HELLOWEEN - Helloween
Auch im Soundcheck: Soundcheck 06/2021
Mehr über Helloween
- Genre:
- Melodic Power/Speed Metal
- ∅-Note:
- 10.00
- Label:
- Nuclear Blast Tonträger-Produktions- und Vertriebs GmbH
- Release:
- 18.06.2021
- Out For The Glory
- Fear Of The Fallen
- Best Time
- Mass Pollution
- Angels
- Rise Without Chains
- Indestructible
- Robot King
- Cyanide
- Down In The Dumps
- Orbit
- Skyfall
Ich bin wieder 14!
In diesem Alter hatte ich damals, in der sich in den 80er Jahren noch in voller Blüte befindlichen Schallplattenabteilung des Kaufhauses Steingass in Heidenheim an der Brenz, das Album "Keeper Of The Seven Keys, Part 1" käuflich erworben, nachdem ich meiner Mutter zuvor beim samstäglichen Einkauf das Geld für eine Schallplatte aus den Rippen geleiert hatte. Das Album wurde natürlich nach dem zuverlässigsten Kriterium überhaupt ausgesucht: nach der mir am besten gefallenden Hülle. "Cover" sagte zumindest ich damals noch nicht dazu.

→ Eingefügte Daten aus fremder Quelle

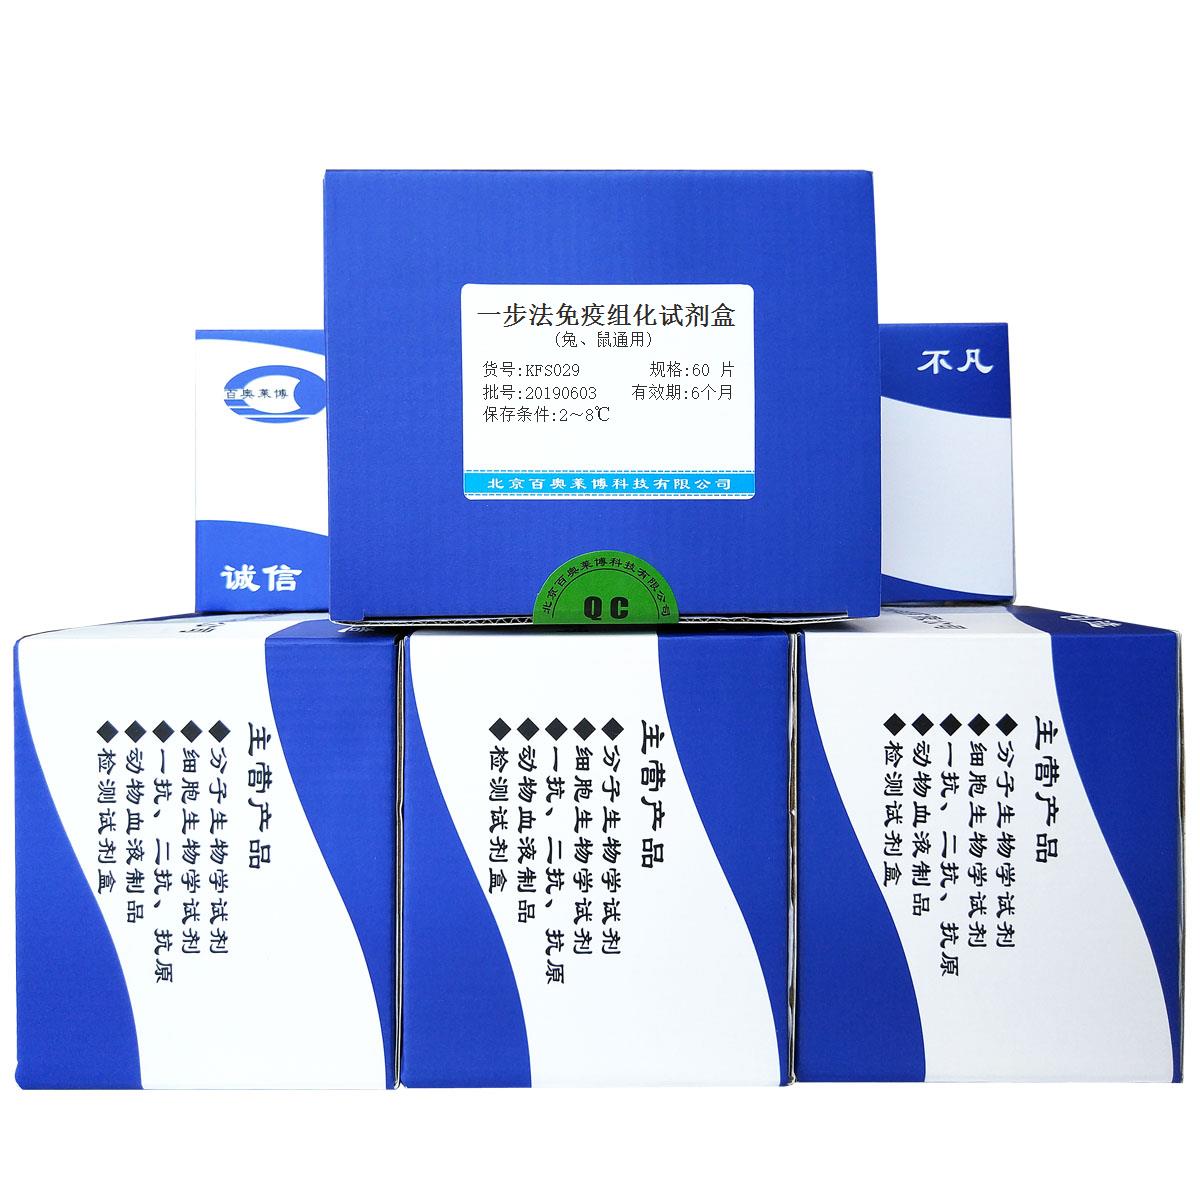 一步法免疫组化试剂盒(兔、鼠通用)北京厂家

Nachdem mir am 21. Mai 2021 des Nachmittags nach dem letzten Unterrichtstag vor den Pfingstferien bewusst geworden war, dass ich gerade das neue HELLOWEEN-Album auf mein Handy geladen hatte, ließ ich noch kurz den Kaffeeautomaten röcheln und verkroch mich dann so schnell wie möglich mit einer Tasse Kaffee in der Hand in meinen Metal-Schuppen. Hier stieg nun der Puls des inzwischen wieder 14 Jahre alten Timo, und zwischen Postern von unter vielen anderen, FIFTH ANGEL, BRAINSTORM und natürlich HELLOWEEN fummelte ich mit tatsächlich leicht zittrigen Fingern auf meinem Handy die Bluetoothverbindung zur Anlage zurecht. 1987 war es die Nadel des Plattenspielers. Endlich fing die Musik an…:
Zunächst erfasste mich Verwunderung: Spielte da SLAYER aus einem Paralleluniversum den Anfang von "South Of Heaven", der deshalb ähnlich, aber dennoch ganz anders klang? Nichtsdestotrotz: Nach etwa 2 Minuten von 'Out For The Glory' schossen mir die Tränen in die Augen! Daran trug neben der wundervollen Oldschoool-HELLOWEEN-Uptempo-Nummer wohl hauptsächlich Michael Kiske Schuld. Der darf die HELLOWEEN-Fans gleich zu Beginn des Albums mit einer herrlich lässigen Signature-Melodie von Weiki begrüßen. Und mal ganz ehrlich: Das wollte jeder so, das hat jeder so erwartet. Und es ist unbedingt gut, genauso wie es ist! Heul! Bereits beim vierten Durchlauf ertappte ich mich hierbei übrigens beim unkontrollierten Bangen. Nein, es lag ganz bestimmt nicht nur am Feierabend Bier!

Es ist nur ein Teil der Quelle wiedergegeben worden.